There is now a large body of research that reports positive effects of employing verbal scaffolding procedures within conversation-based interventions on language skills development in children with communication disorders who are not users of AAC systems, including children with autism (Scherer & Olswang, 1989), specific language impairment (Camarata & Nelson, 2006; Nelson, Camarata, Welsh, Butkovsky, & Camarata, 1996; Plante et al., 2014), language learning disabilities (Stiegler & Hoffman, 2001), and language delay (see also Ruston & Schwanenflugel, 2010). In these interventions, verbal scaffolding procedures are delivered by an adult immediately after a child produces an utterance that is incomplete, immature, or ungrammatical, and that provides an opportunity for presentation of an enhanced version of the target form (Eisenberg, 2013, 2014). Scaffolding techniques afford the child opportunities to hear the target form being used in a meaningful way, and to contrast his or her own utterance with a more complex or grammatically correct one.
Although evidence exists for the facilitative effect of adult verbal scaffolding during conversations for children with a wide range of language disorders, this approach has not been systematically investigated for children with severe MSDs and expressive language delay who use AAC. The purpose of the current study was to investigate the impact of adult scaffolding within a conversation-based intervention on the expressive vocabulary and grammatical skills of children in this group.

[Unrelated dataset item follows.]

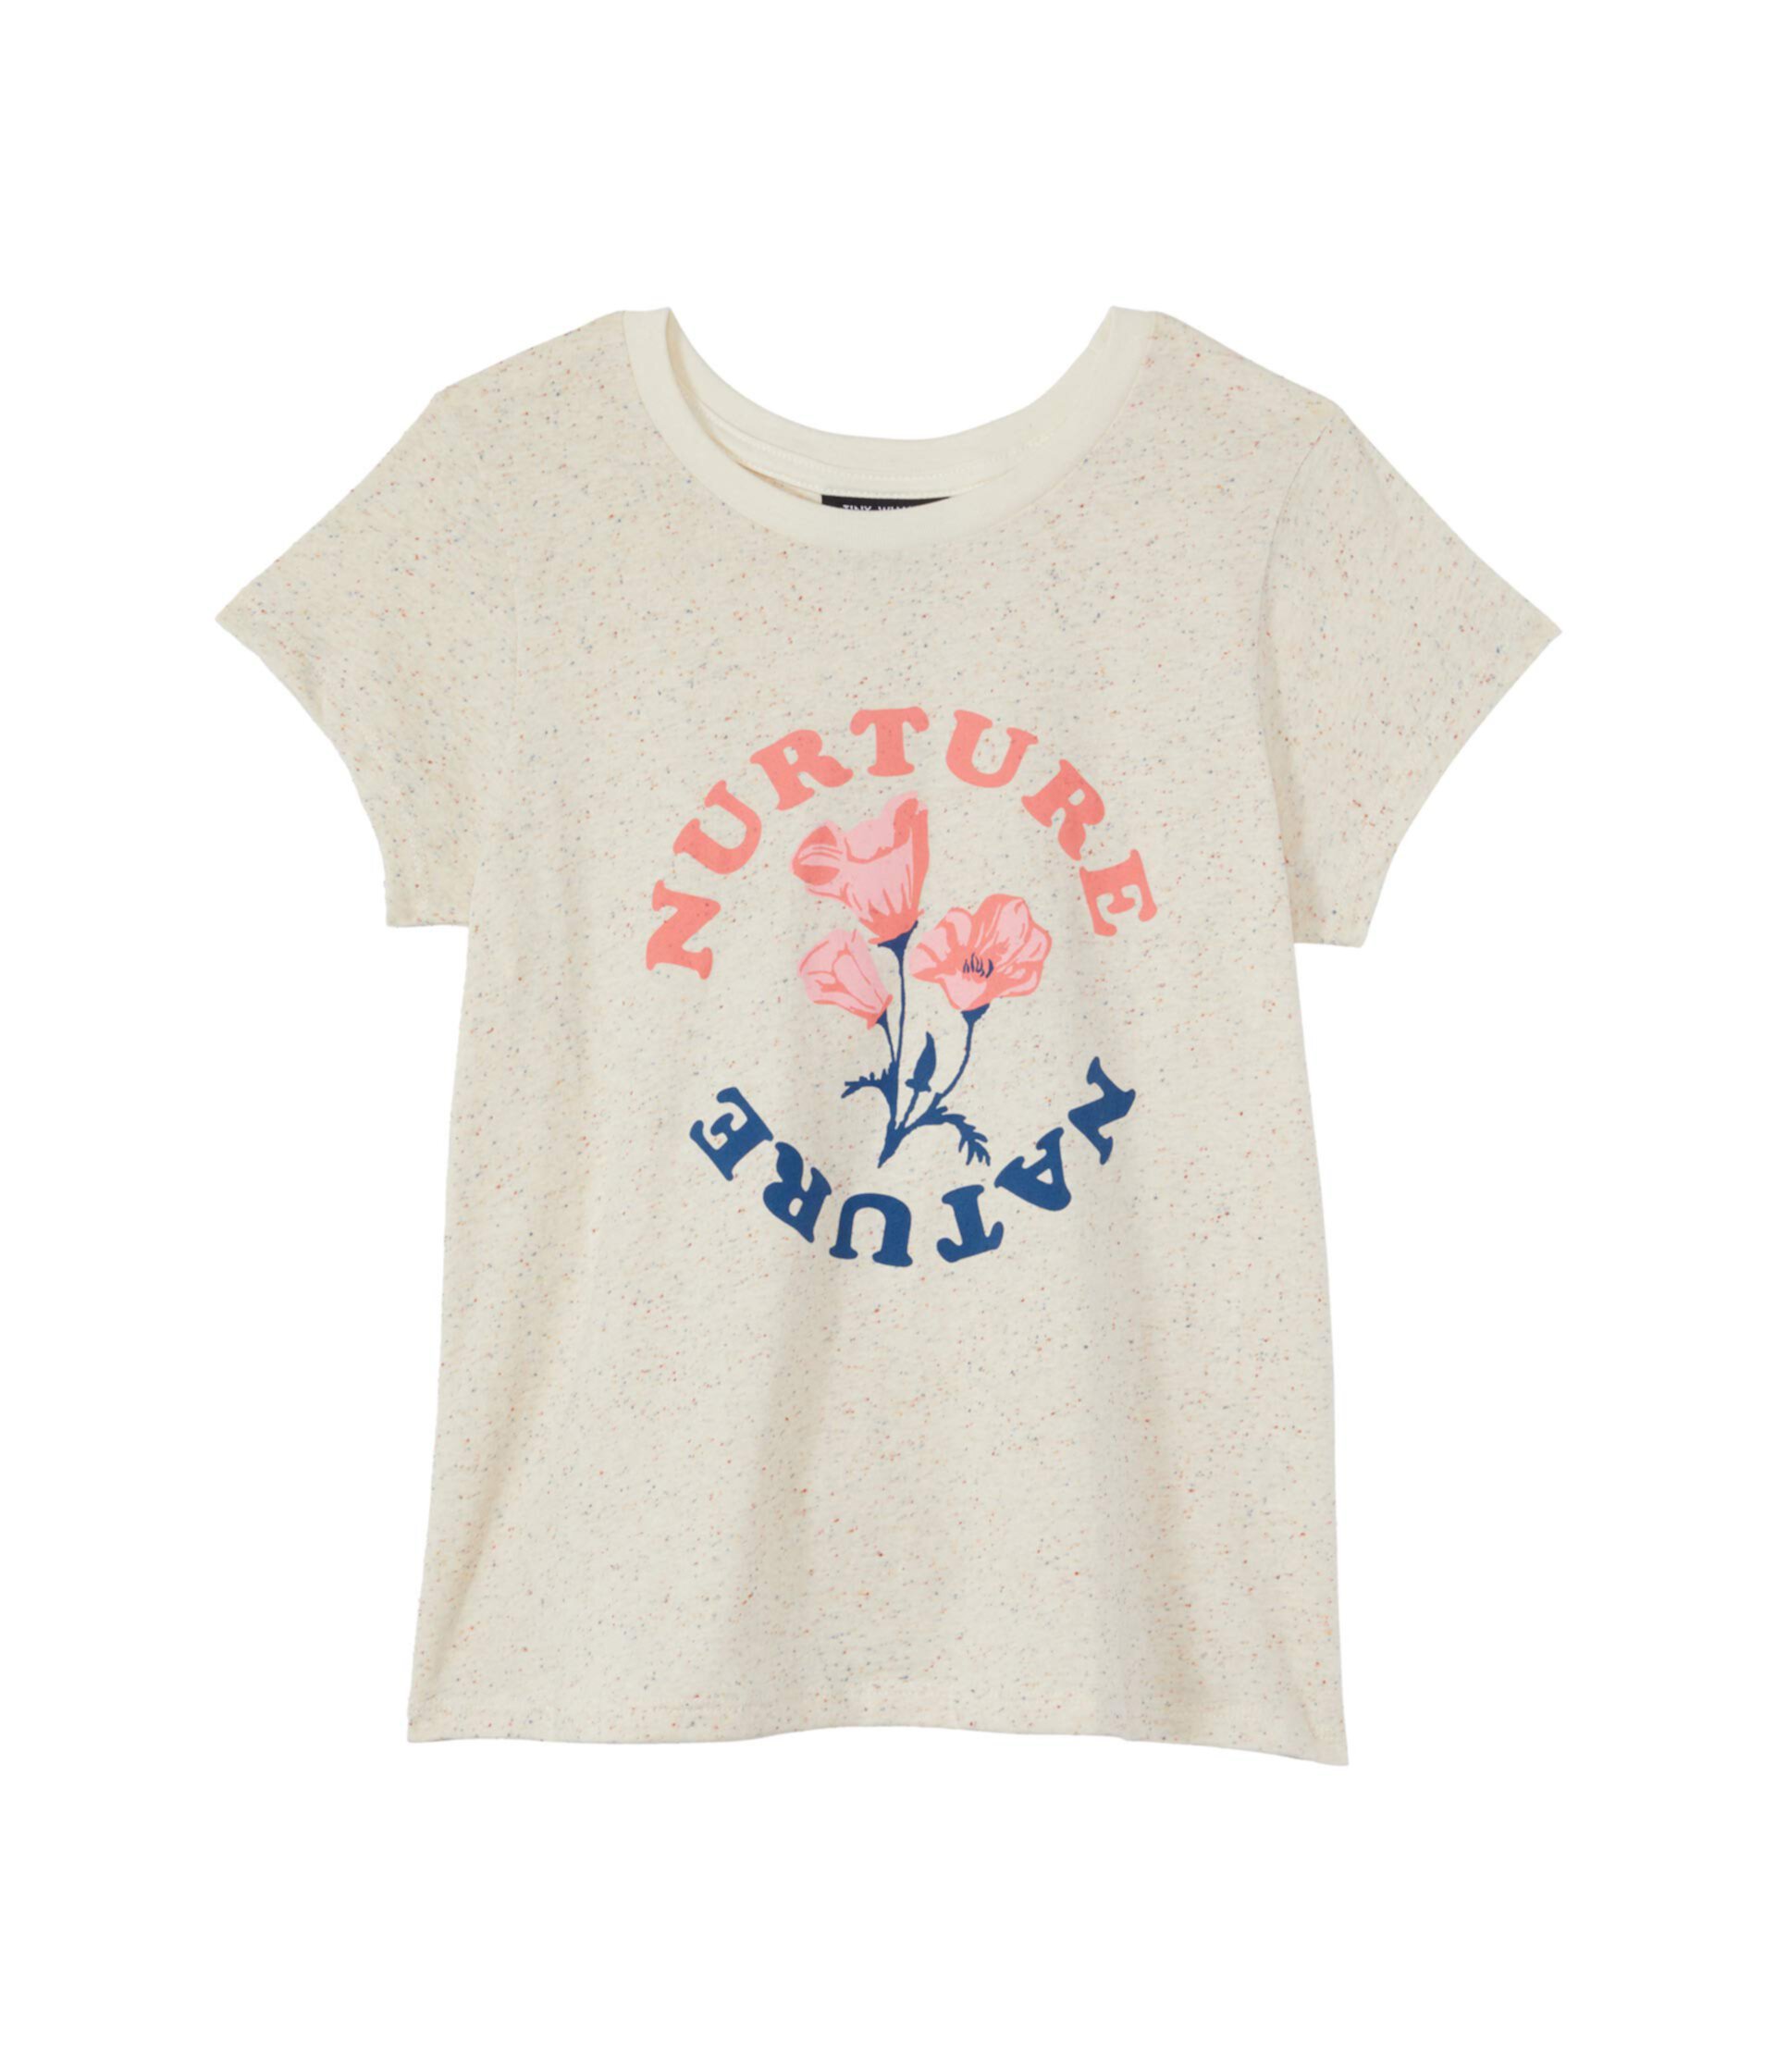 Nuture Nature Text с футболкой с цветком (малыши / маленькие дети / старшие дети) Tiny Whales

The study examined changes in the participants' use of linguistic structures that are essential to the formation of early clauses, such as verbs, pronouns, and bound morphemes, and whether gains made in intervention were generalized and sustained.
Method
Experimental Design
A multiple probe design across participants (Gast & Ledford, 2010) was used to examine the effect of a conversation-based intervention on the expressive vocabulary and grammatical skills of eight children with severe MSDs and expressive language delay who use AAC. The study design is a variation of a multiple baseline design in which baseline data are probed at different points in time rather than monitored continuously. After a period of baseline measurement, intervention was applied sequentially to four participants (Set A) who were randomly assigned to intervention order. Intervention for the second, third, and fourth participants started after the preceding individual had demonstrated sustained improvement over three consecutive intervention sessions (see description below; Gast & Ledford, 2010). Once each participant receiving intervention demonstrated an improvement in production of the experimental control variable (i.e., production of spontaneous clauses) of at least 25% over baseline levels for three consecutive intervention sessions, intervention began for the next participating child. To examine the generalizability of the findings, intervention procedures were replicated across a second set of four older participants (Set B).
Subjects
Participating Children
Eight children (three girls and five boys) were selected to participate in the study and met the criteria that they: (a) were between the ages of 8 and 14 years; (b) used a high-tech SGD with software allowing for grammaticalization of utterances; (c) demonstrated functional communicative competence at Level III on the Augmentative and Alternative Communication Profile (AACP; Kovach, 2009) 1 ; (d) used a form of direct selection techniques to formulate their messages (e.g., touching the SGD screen); (e) had English as their dominant language; (f) communicated mostly through single word utterances with little evidence of grammaticalization in unstructured interaction; (g) presented with hearing and vision within normal limits, with or without correction; (h) presented with a severe MSD (Duffy, 2013), which affected their ability to speak intelligibly; (i) had minimal functional speech with an intelligibility score of less than 50% on the Index of Augmented Speech Comprehensibility in Children to familiar partners in unknown contexts (Dowden, 1997); (j) had no diagnosis of intellectual impairment according to their educational and clinical records; and (k) attained age-equivalent scores on measures of receptive language skills of at least 6 years of age and above. Child characteristics are presented in Table 1.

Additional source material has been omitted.